▸ **DATA PROVIDED**
####################

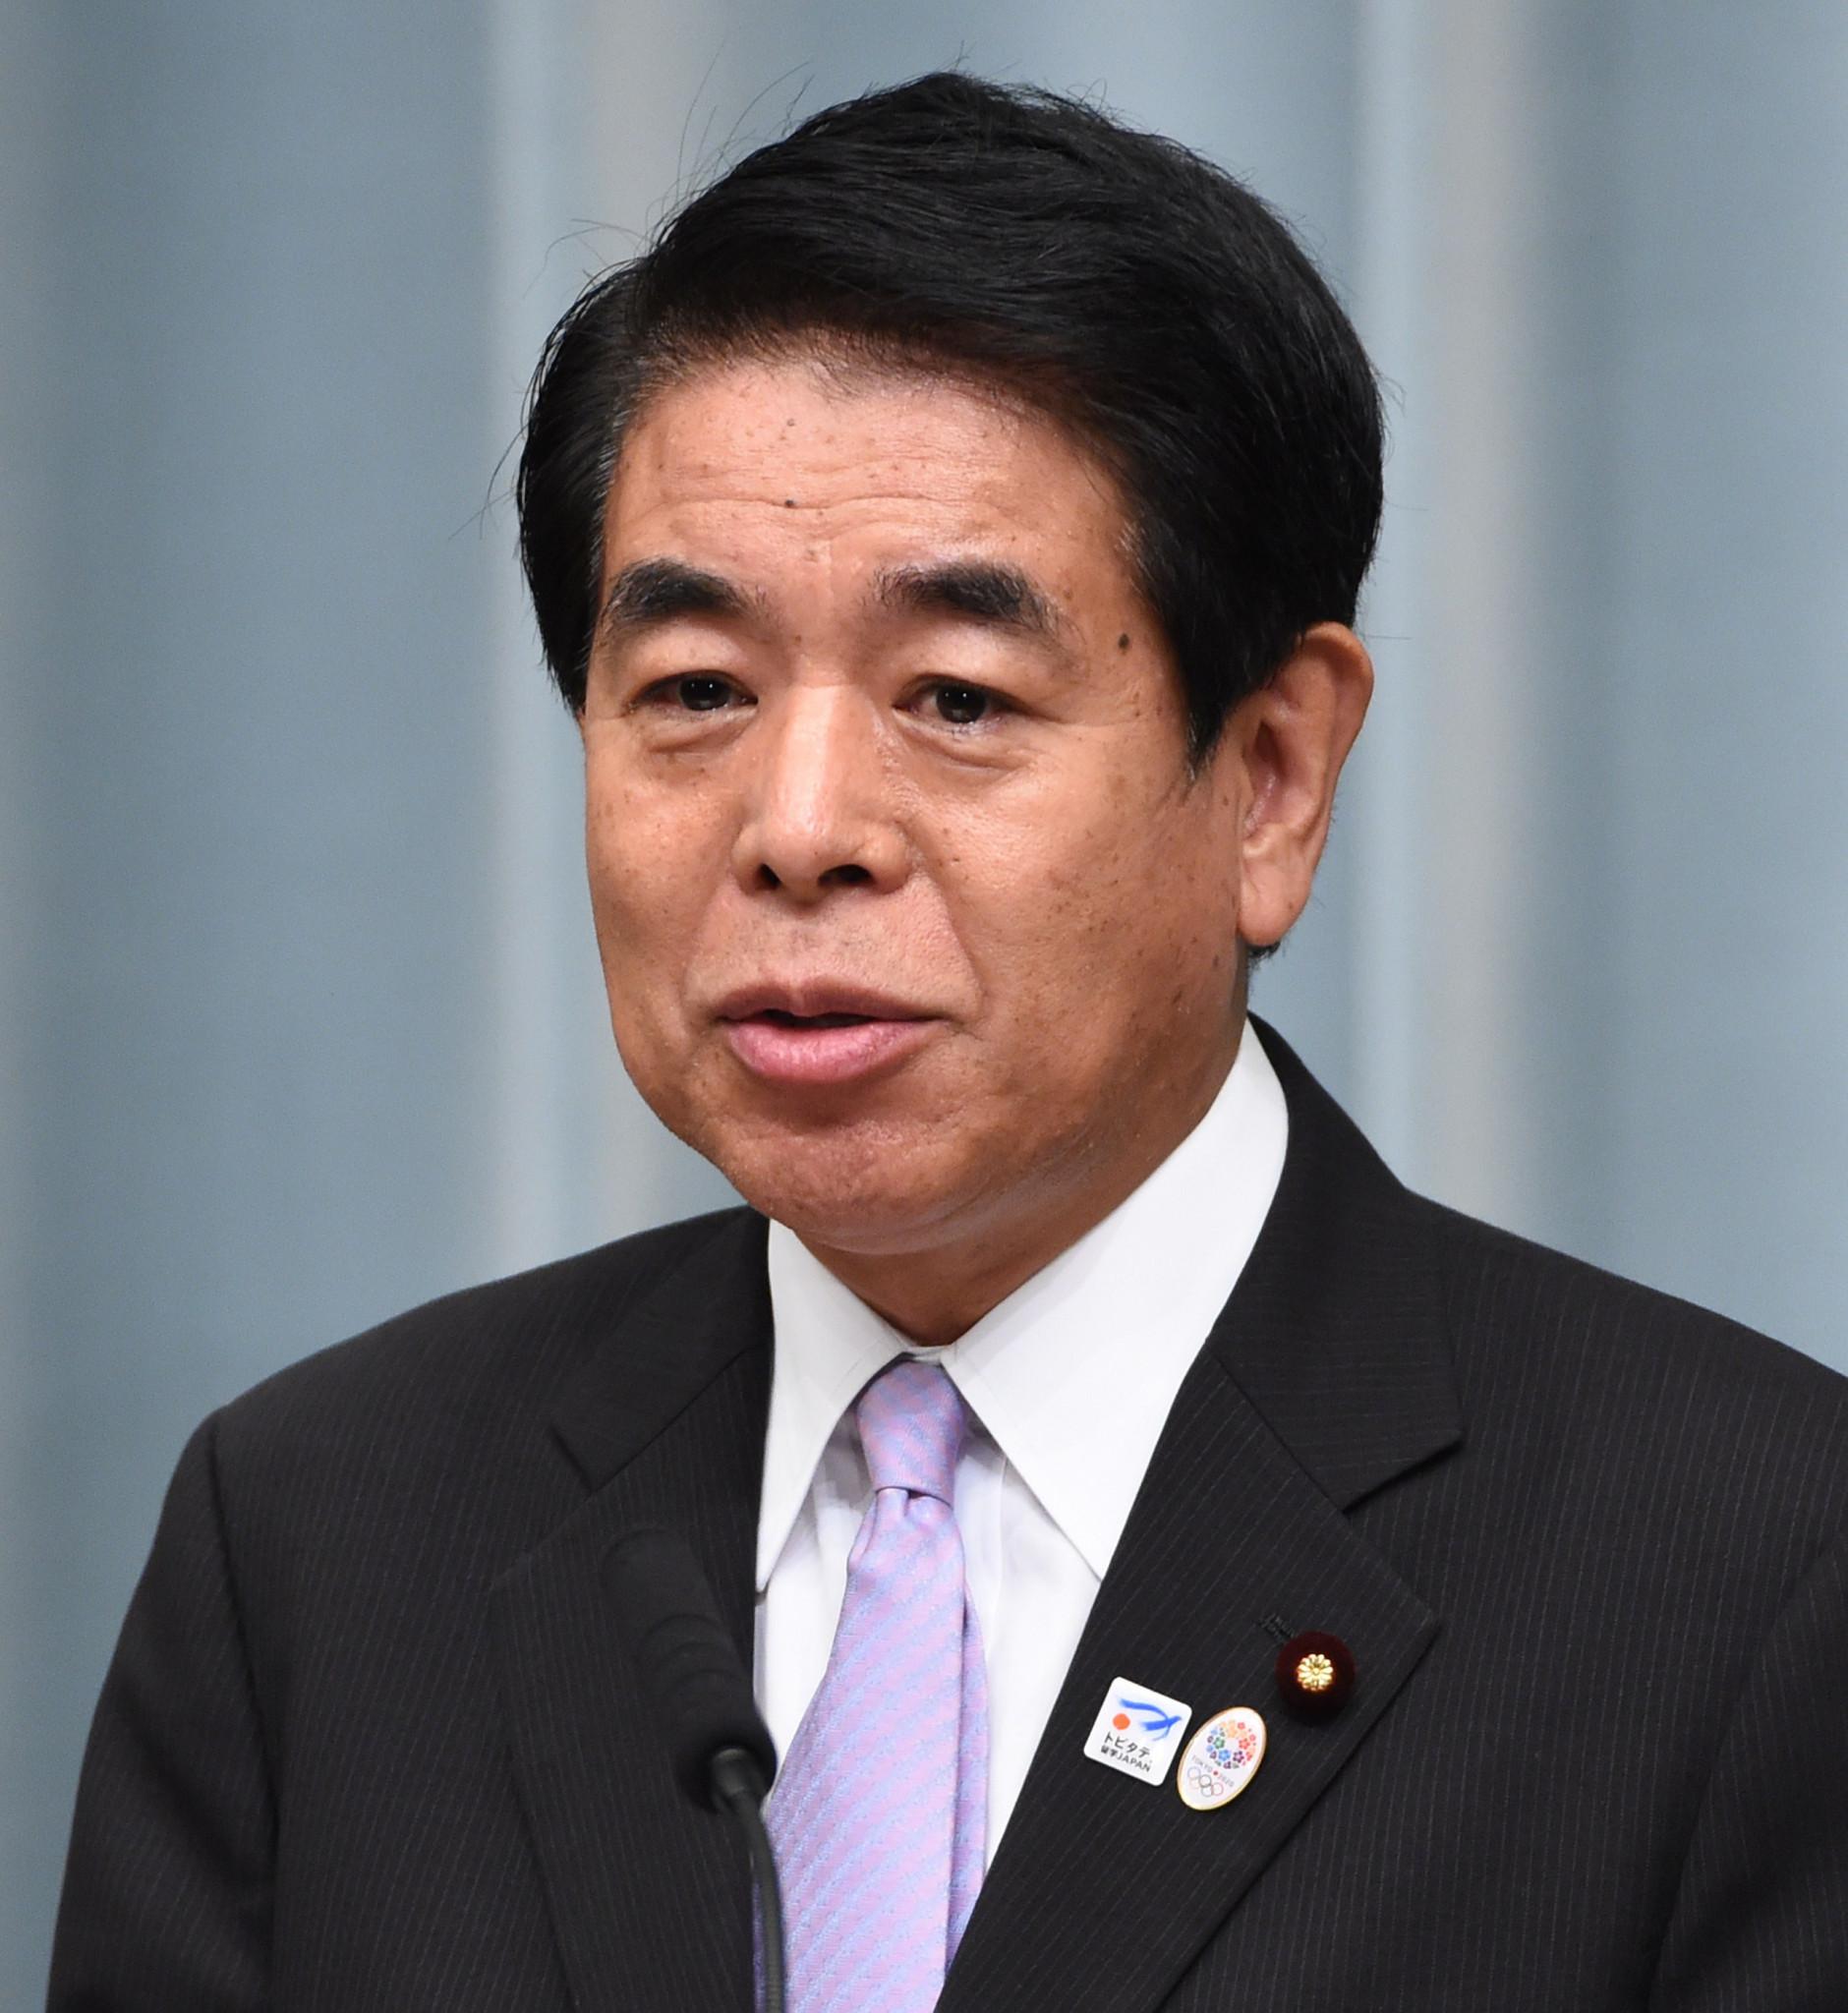 Alto político japonés pide una decisión sobre espectadores de Tokio 2020 antes de visita de Bach
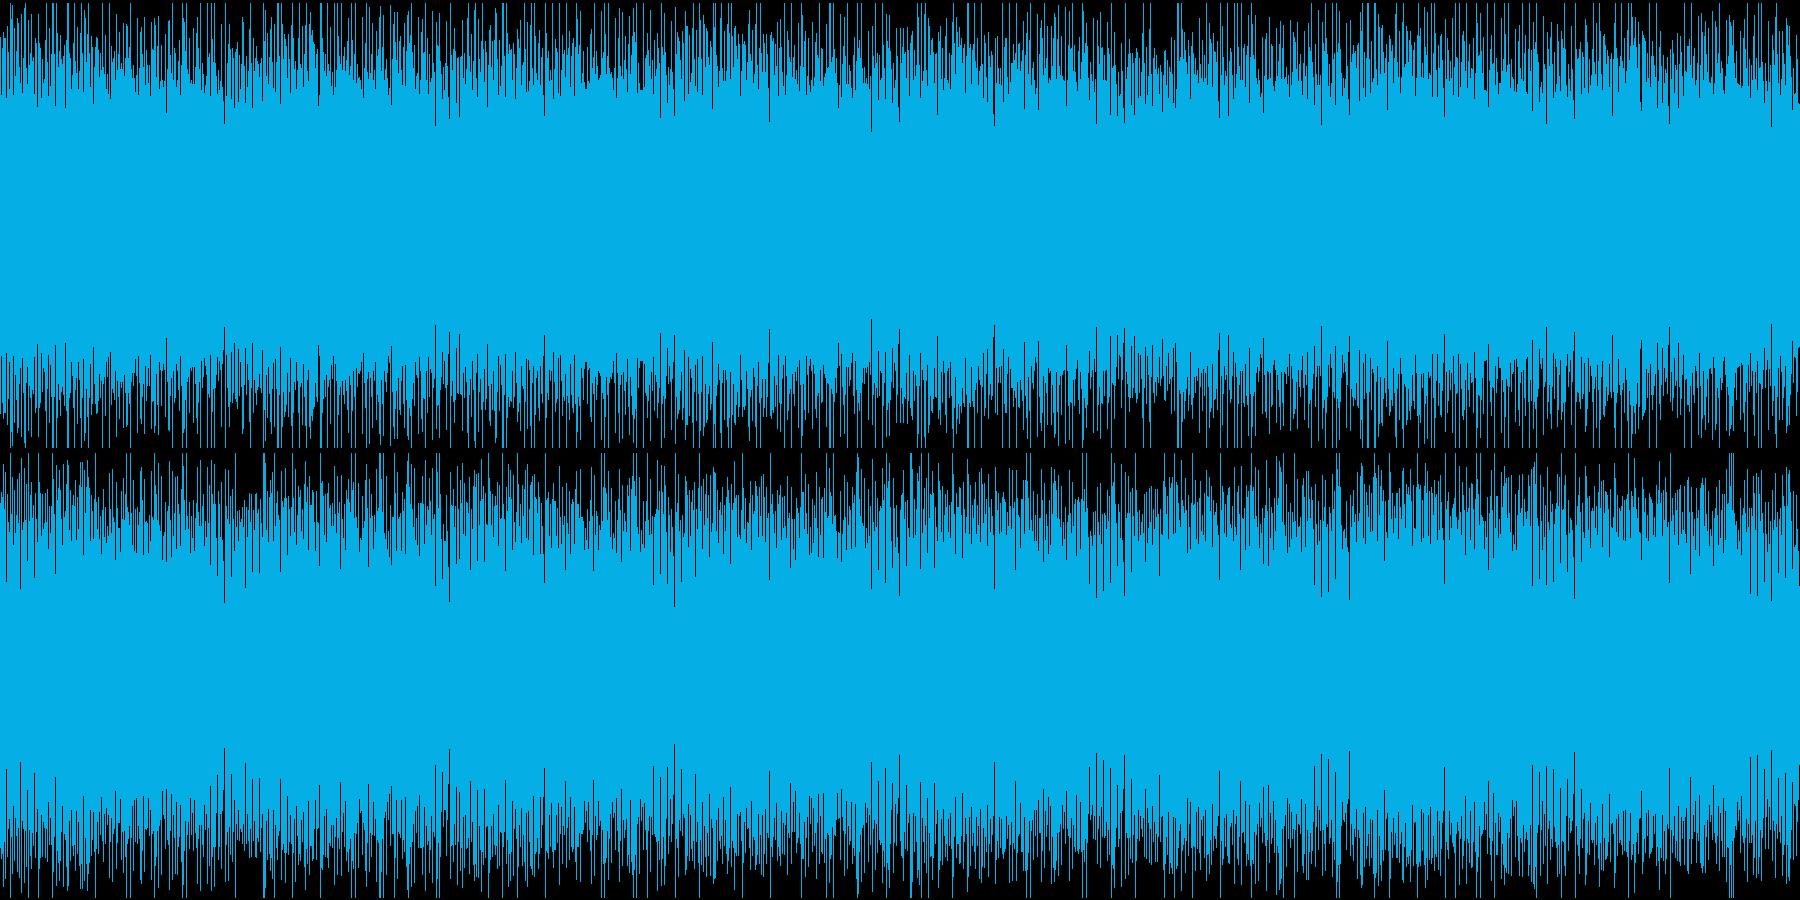 軽快でかわいいエレクトロループの再生済みの波形
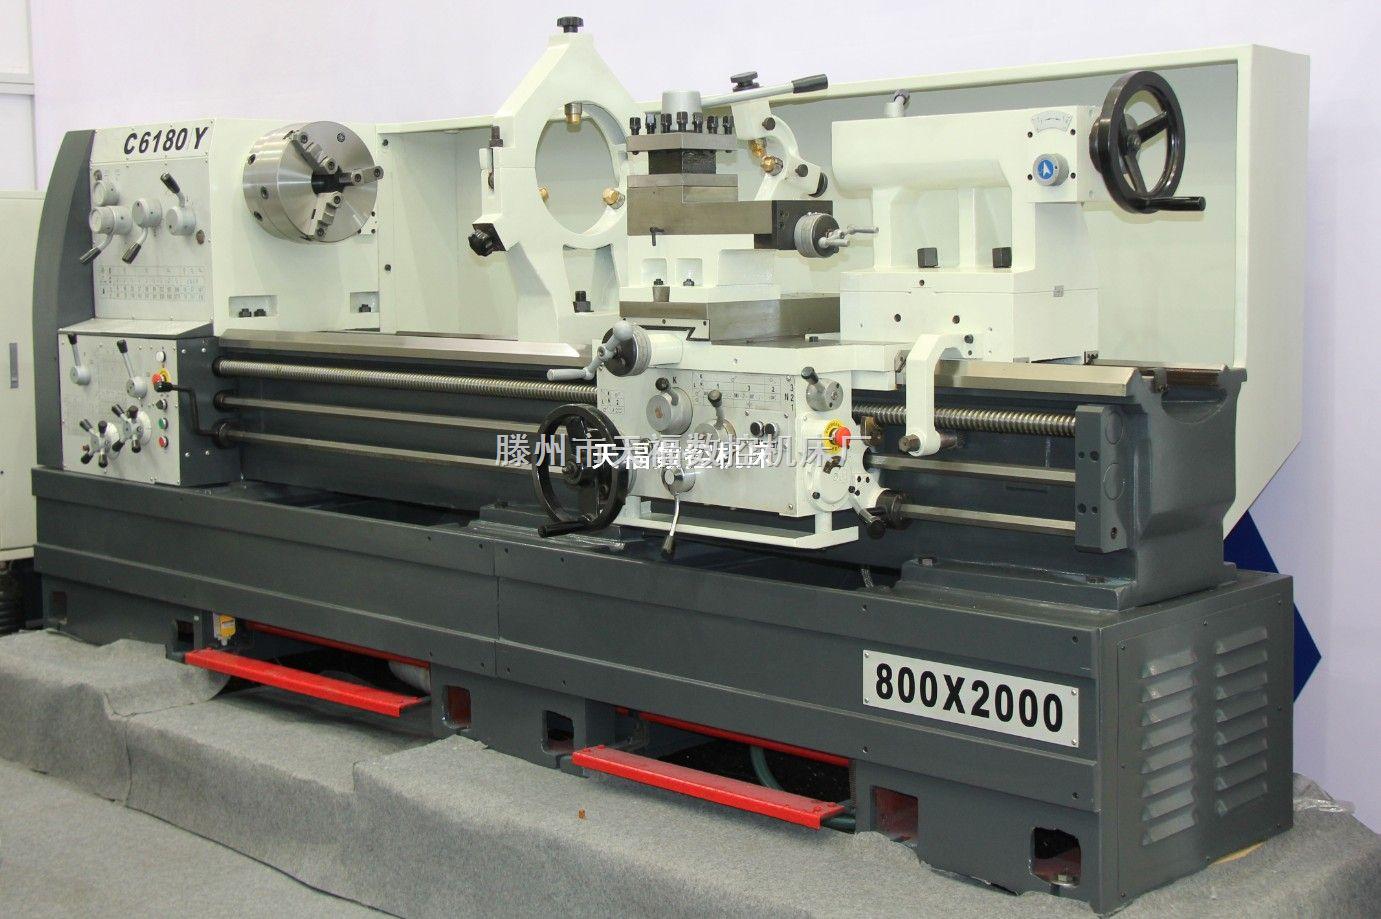 CY 系列大孔径精密车床价格,CY 系列大孔径精密车床天福厂
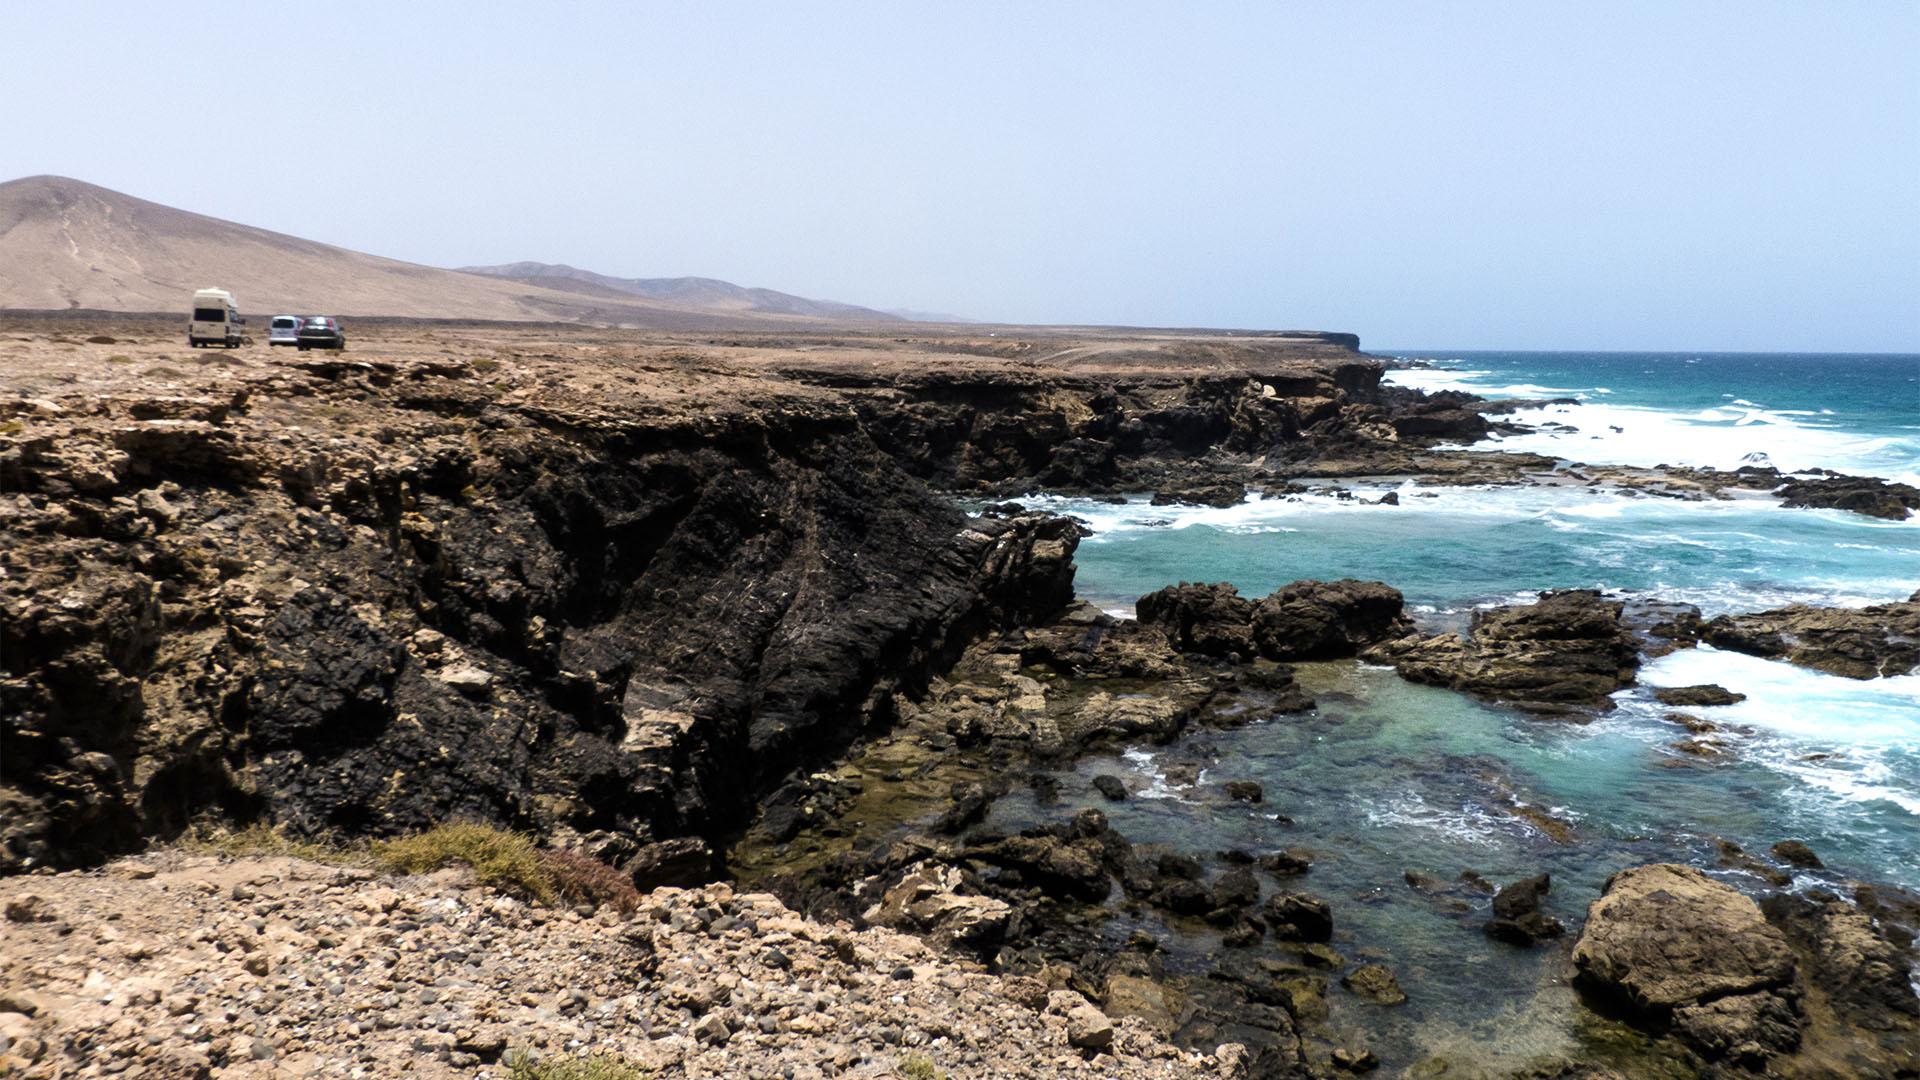 Die Strände Fuerteventuras: Playa de la Mujer

####################

▸ **WHAT TO DO**
For this exercise, write out the listing verbatim and leave every image out.

▸ **YOUR RESPONSE**
 Alto político japonés pide una decisión sobre espectadores de Tokio 2020 antes de visita de Bach
 軽快でかわいいエレクトロループの再生済みの波形
 CY 系列大孔径精密车床价格,CY 系列大孔径精密车床天福厂
 Die Strände Fuerteventuras: Playa de la Mujer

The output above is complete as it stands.